*Your assignment*: Filter the listing below down to the lines with the word "Full" and copy those.

*Data for analysis*:

-------

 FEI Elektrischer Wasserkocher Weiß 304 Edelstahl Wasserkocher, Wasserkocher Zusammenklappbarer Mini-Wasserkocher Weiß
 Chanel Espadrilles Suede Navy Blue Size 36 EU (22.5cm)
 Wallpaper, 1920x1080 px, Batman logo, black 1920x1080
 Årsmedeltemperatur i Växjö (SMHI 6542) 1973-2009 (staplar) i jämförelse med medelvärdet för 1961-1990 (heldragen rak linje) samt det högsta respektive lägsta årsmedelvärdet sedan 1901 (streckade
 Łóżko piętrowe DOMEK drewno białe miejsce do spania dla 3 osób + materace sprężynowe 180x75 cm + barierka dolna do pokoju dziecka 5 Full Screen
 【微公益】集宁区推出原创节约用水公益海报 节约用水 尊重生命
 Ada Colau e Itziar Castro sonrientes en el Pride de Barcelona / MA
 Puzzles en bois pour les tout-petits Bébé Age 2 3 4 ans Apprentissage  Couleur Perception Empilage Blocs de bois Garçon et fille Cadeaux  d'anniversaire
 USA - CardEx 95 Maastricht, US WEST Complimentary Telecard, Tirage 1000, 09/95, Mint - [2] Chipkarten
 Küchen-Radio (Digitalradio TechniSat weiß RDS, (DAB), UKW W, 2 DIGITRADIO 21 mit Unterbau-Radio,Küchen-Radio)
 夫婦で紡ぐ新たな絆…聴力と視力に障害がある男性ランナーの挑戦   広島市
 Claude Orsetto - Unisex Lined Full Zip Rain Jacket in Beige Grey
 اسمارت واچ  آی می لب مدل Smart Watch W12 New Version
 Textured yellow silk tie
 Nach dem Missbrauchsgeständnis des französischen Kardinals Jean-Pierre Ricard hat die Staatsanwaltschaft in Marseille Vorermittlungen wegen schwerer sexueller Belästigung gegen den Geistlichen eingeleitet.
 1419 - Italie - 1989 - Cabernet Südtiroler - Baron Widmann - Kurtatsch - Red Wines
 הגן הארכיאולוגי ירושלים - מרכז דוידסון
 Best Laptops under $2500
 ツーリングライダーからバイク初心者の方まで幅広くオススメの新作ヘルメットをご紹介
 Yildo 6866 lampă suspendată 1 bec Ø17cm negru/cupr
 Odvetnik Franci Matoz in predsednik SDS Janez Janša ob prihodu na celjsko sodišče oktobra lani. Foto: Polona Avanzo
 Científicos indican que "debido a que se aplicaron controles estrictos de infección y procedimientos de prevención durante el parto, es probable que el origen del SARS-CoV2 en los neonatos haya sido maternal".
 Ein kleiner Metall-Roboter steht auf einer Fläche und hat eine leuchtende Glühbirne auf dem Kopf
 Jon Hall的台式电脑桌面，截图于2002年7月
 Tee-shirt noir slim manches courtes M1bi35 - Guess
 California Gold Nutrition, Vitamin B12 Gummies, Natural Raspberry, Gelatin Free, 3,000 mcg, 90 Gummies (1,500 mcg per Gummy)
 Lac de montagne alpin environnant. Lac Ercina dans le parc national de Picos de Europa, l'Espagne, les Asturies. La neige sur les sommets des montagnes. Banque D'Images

-------

*Exercise output*:
 Łóżko piętrowe DOMEK drewno białe miejsce do spania dla 3 osób + materace sprężynowe 180x75 cm + barierka dolna do pokoju dziecka 5 Full Screen
 Claude Orsetto - Unisex Lined Full Zip Rain Jacket in Beige Grey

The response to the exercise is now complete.